**DATASET RECORDS:**
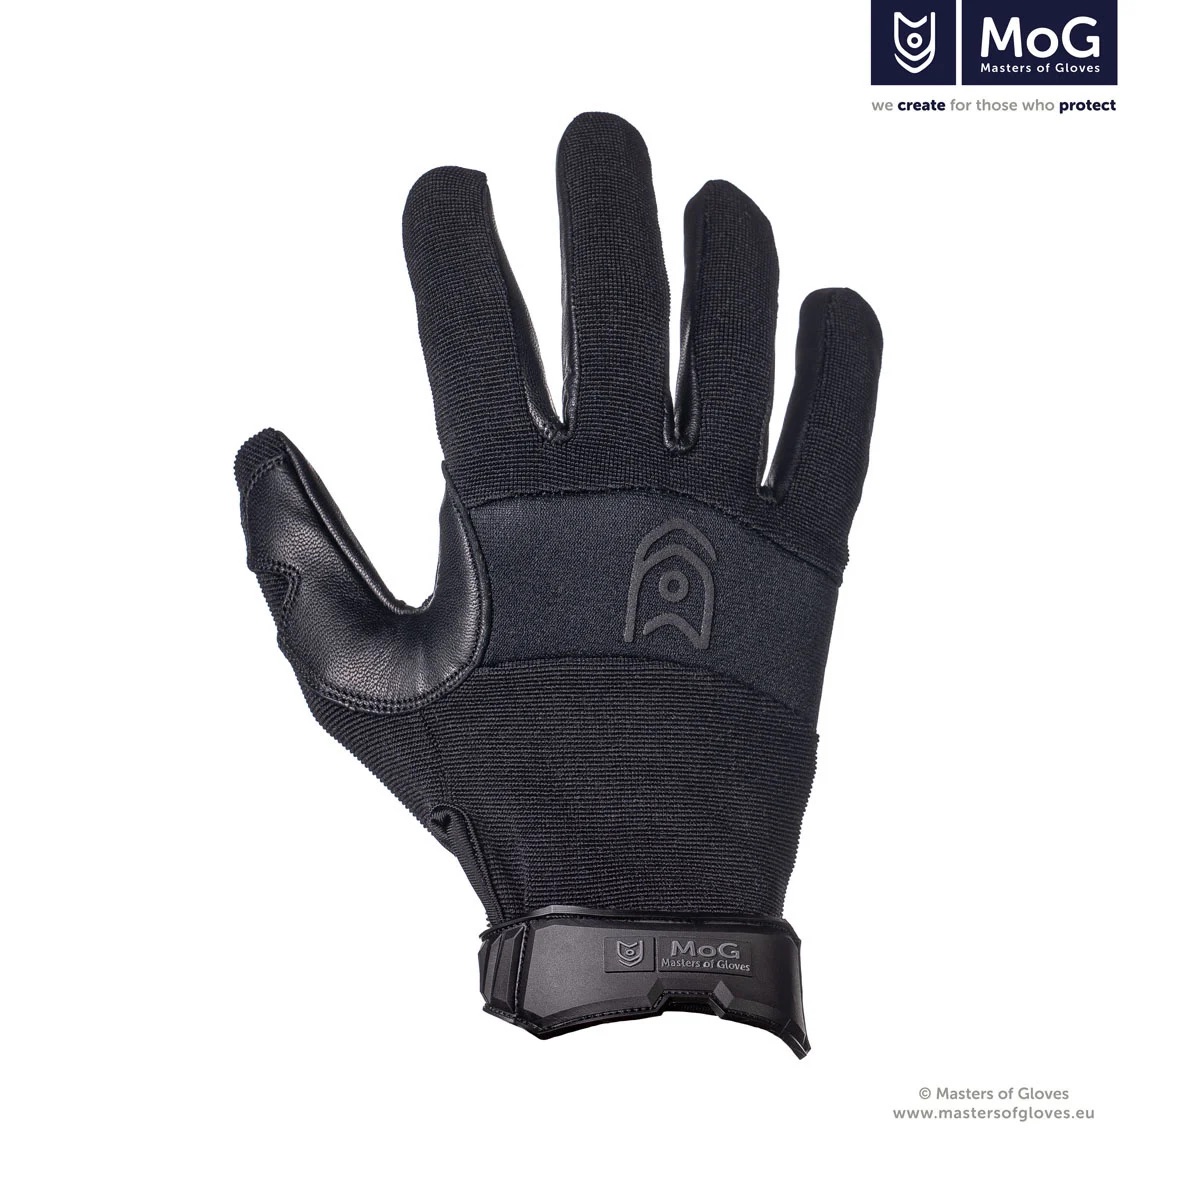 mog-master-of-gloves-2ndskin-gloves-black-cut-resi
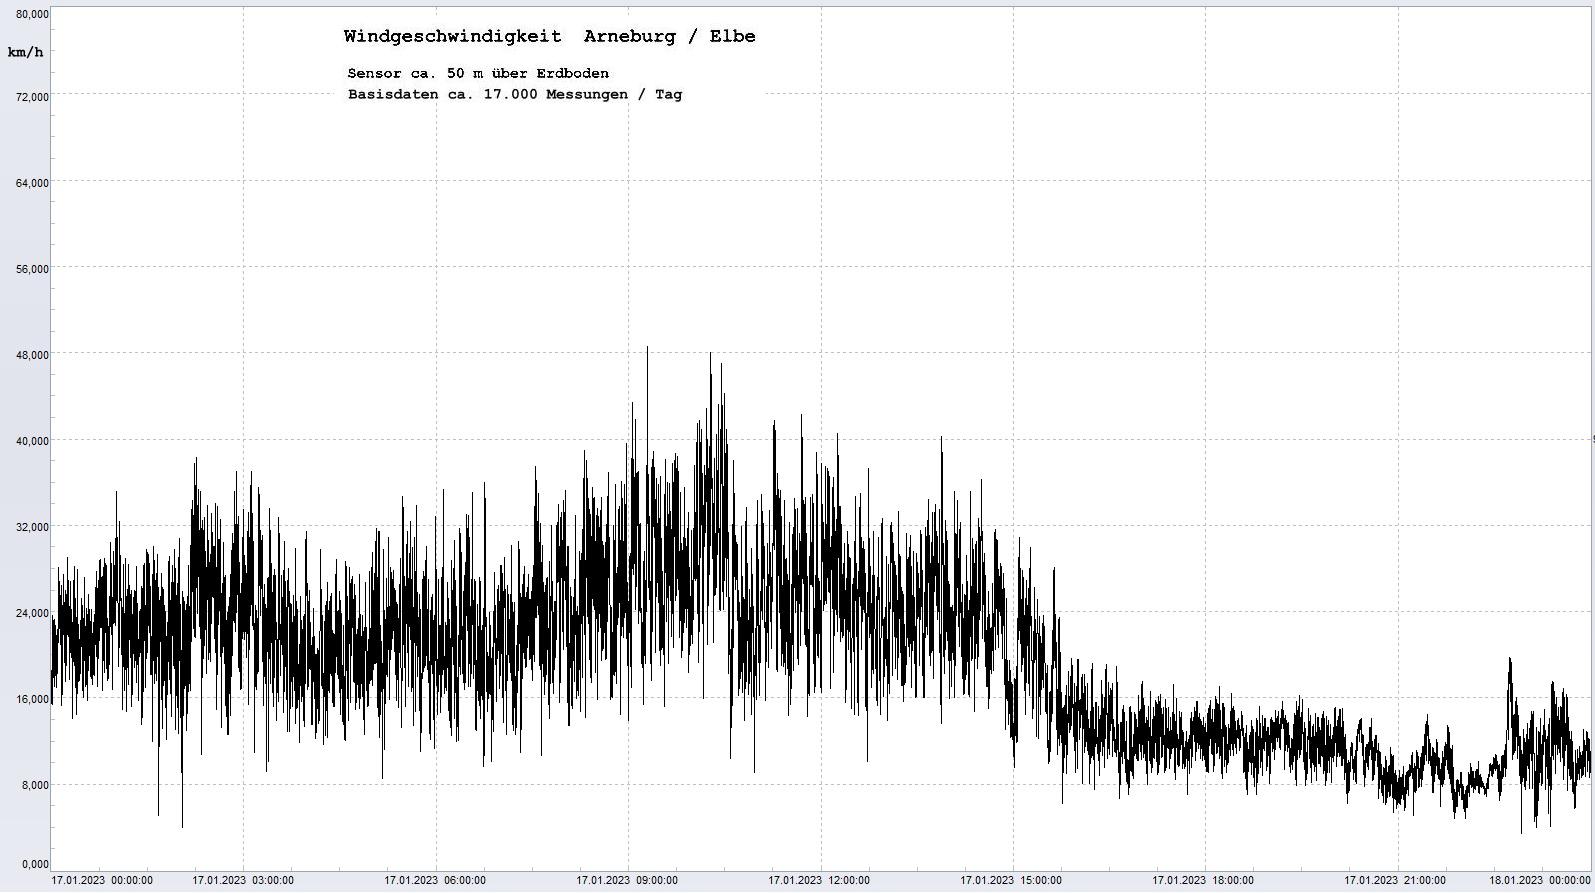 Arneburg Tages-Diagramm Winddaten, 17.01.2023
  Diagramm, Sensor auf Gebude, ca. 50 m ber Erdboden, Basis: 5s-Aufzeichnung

---

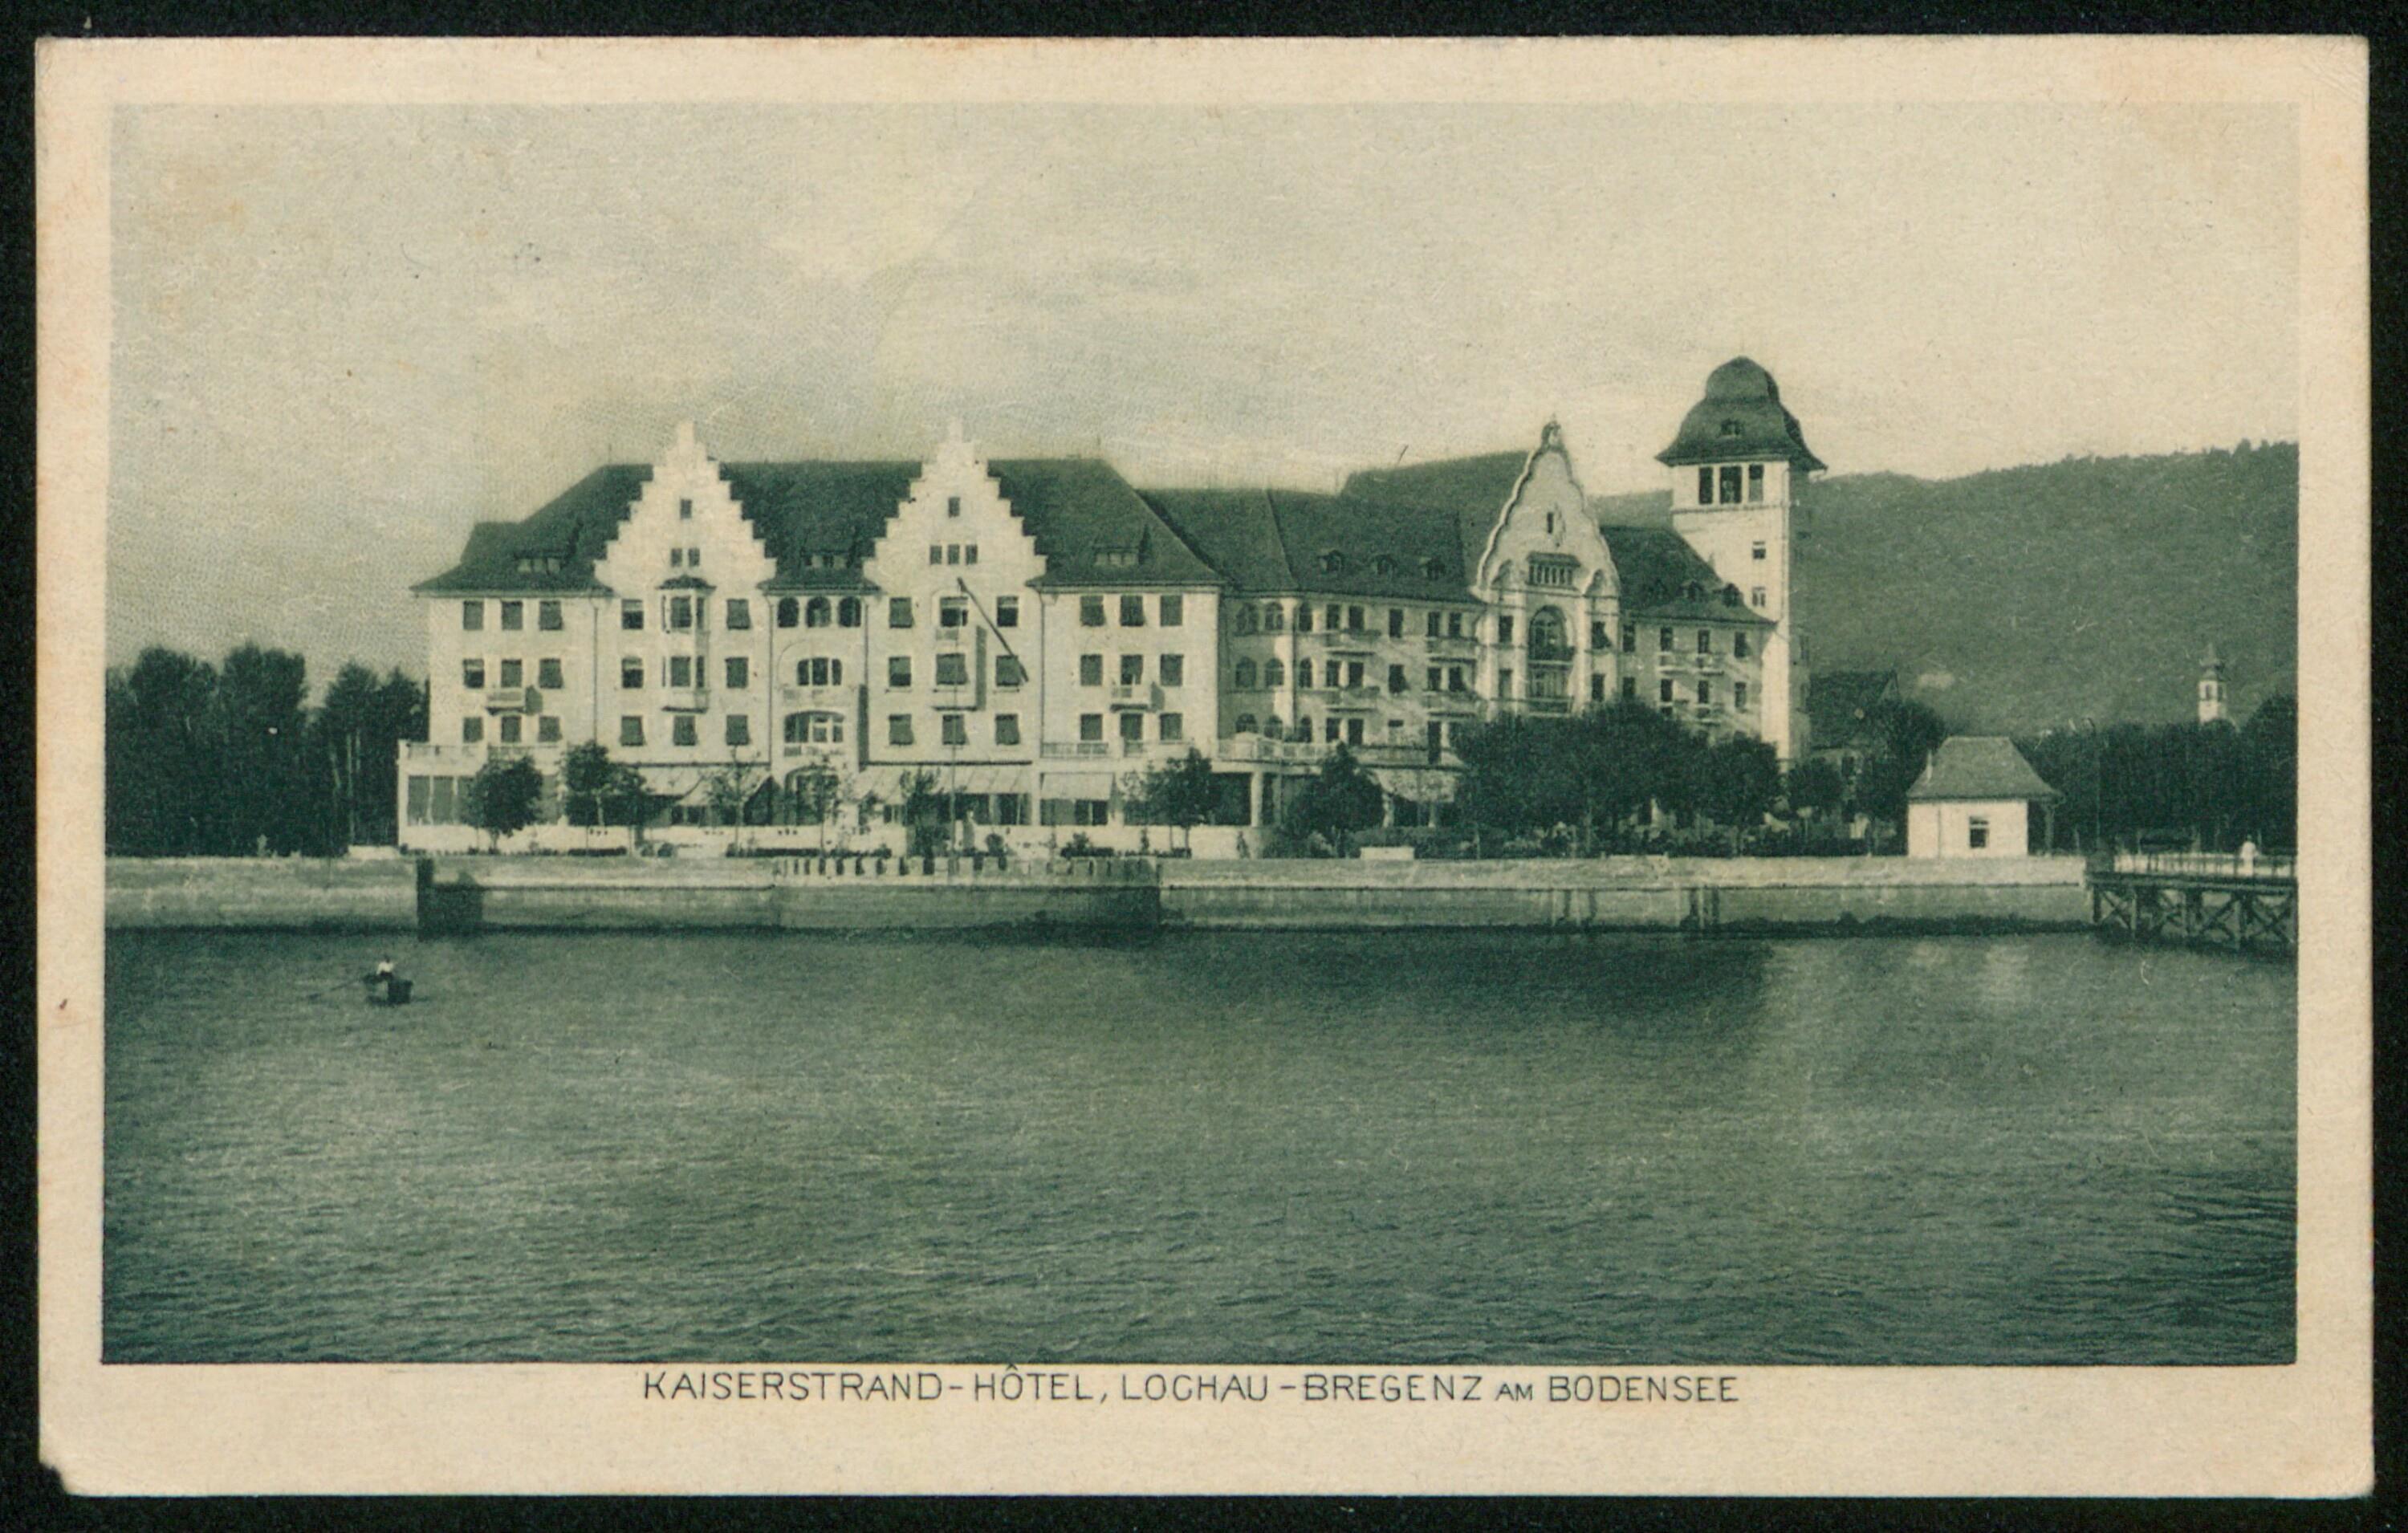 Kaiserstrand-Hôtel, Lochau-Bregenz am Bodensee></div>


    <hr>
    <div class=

**TASK OBJECTIVE:** Extract, without any images, the part of the material above that opens with the line containing "Arneburg Tages-Diagramm Winddaten, 17.01.2023" and closes with the line containing "Diagramm, Sensor auf", both lines included.

**TASK OUTPUT:**
 Arneburg Tages-Diagramm Winddaten, 17.01.2023
  Diagramm, Sensor auf Gebude, ca. 50 m ber Erdboden, Basis: 5s-Aufzeichnung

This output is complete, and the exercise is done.